Berlin: Russian President Vladimir Putin insisted Thursday that the country’s natural gas must be paid for with rubles, a demand apparently intended to help bolster the Russian currency but one that European leaders say they will not comply with because it violates the terms of contracts and sanctions.

Putin said Russia will start accepting ruble payments Friday and gas supplies will be cut off if buyers don’t agree to the new conditions, including opening ruble accounts in Russian banks, from which the gas payments will be made.

“If these payments are not made, we will consider it a failure of the buyer to fulfill its obligations, with all the ensuing consequences,” Putin said.

European leaders cautiously insisted they will continue to pay for natural gas in euros and dollars and want to see the fine print of how the Kremlin will implement its decree. It came a day after the leaders of Italy and Germany said they received assurances from Putin about gas supplies.

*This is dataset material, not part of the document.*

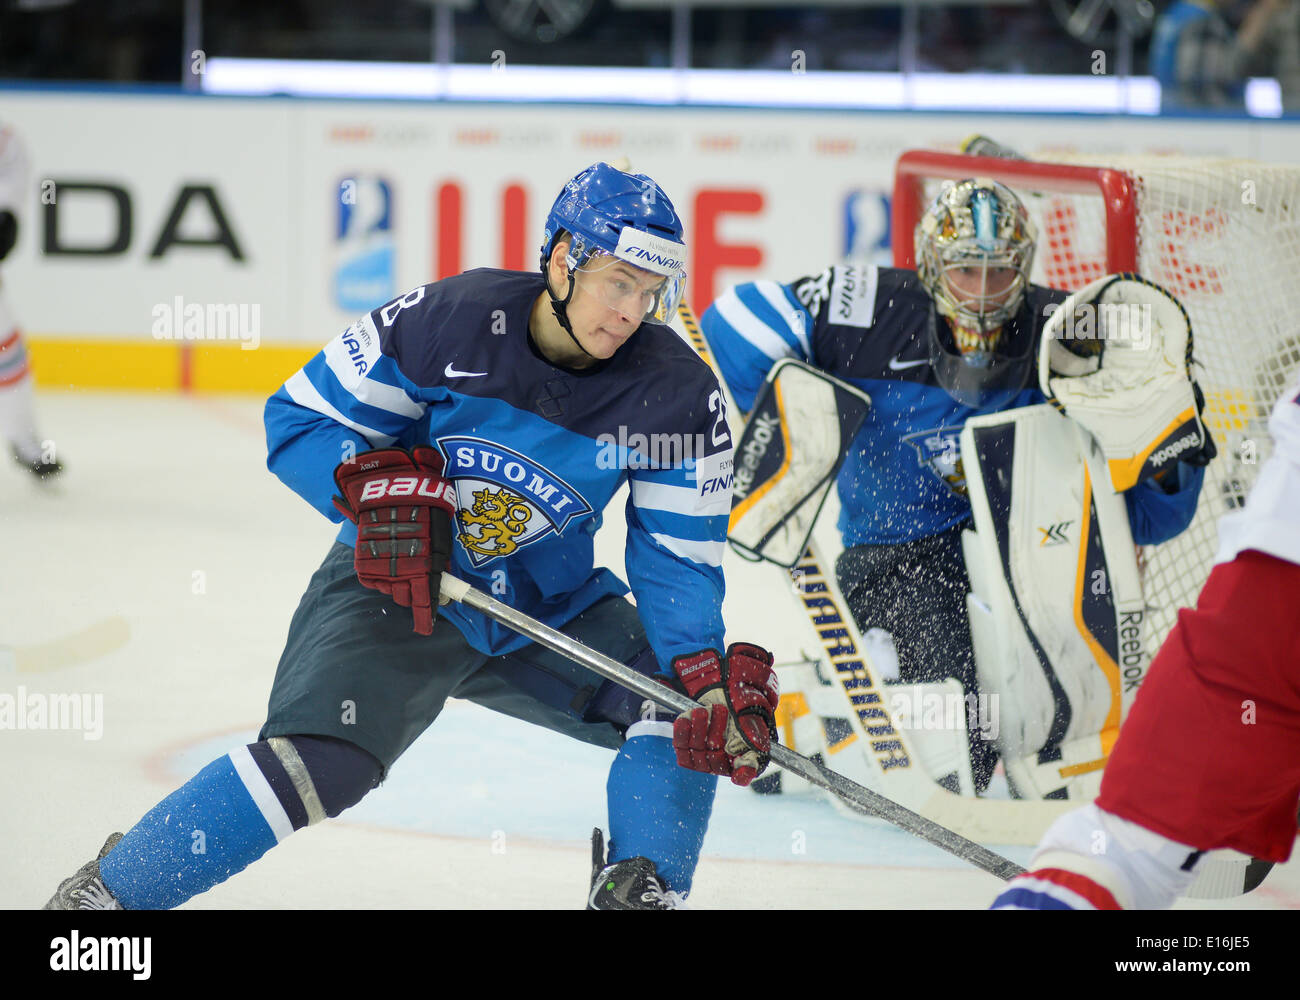 MARTTINEN Jyri (28) of Finland skates up the ice during 2014 IIHF World Ice Hockey Championship semifinal match at Minsk Arena Stock Photo

Putin announced last week the countries deemed “unfriendly” for imposing sanctions on Russia over its war in Ukraine must pay for natural gas only in Russian currency. His proposal has caused natural gas prices to gyrate and raised fears it could be a prelude to an interruption of supplies to Europe, which is heavily dependent on Russian natural gas and would struggle with a sudden cutoff. At the same time, Russia depends on oil and gas sales for much of its government revenue at a time its economy is under severe stress from Western sanctions.

Economists say switching the gas payments to rubles would do little to support the Russian currency since gas exporter Gazprom has to sell 80 percent of its foreign currency earnings for rubles anyway. The White House said Thursday that the ruble is no longer a reliable measure of Russia’s economy because it’s being artificially propped up.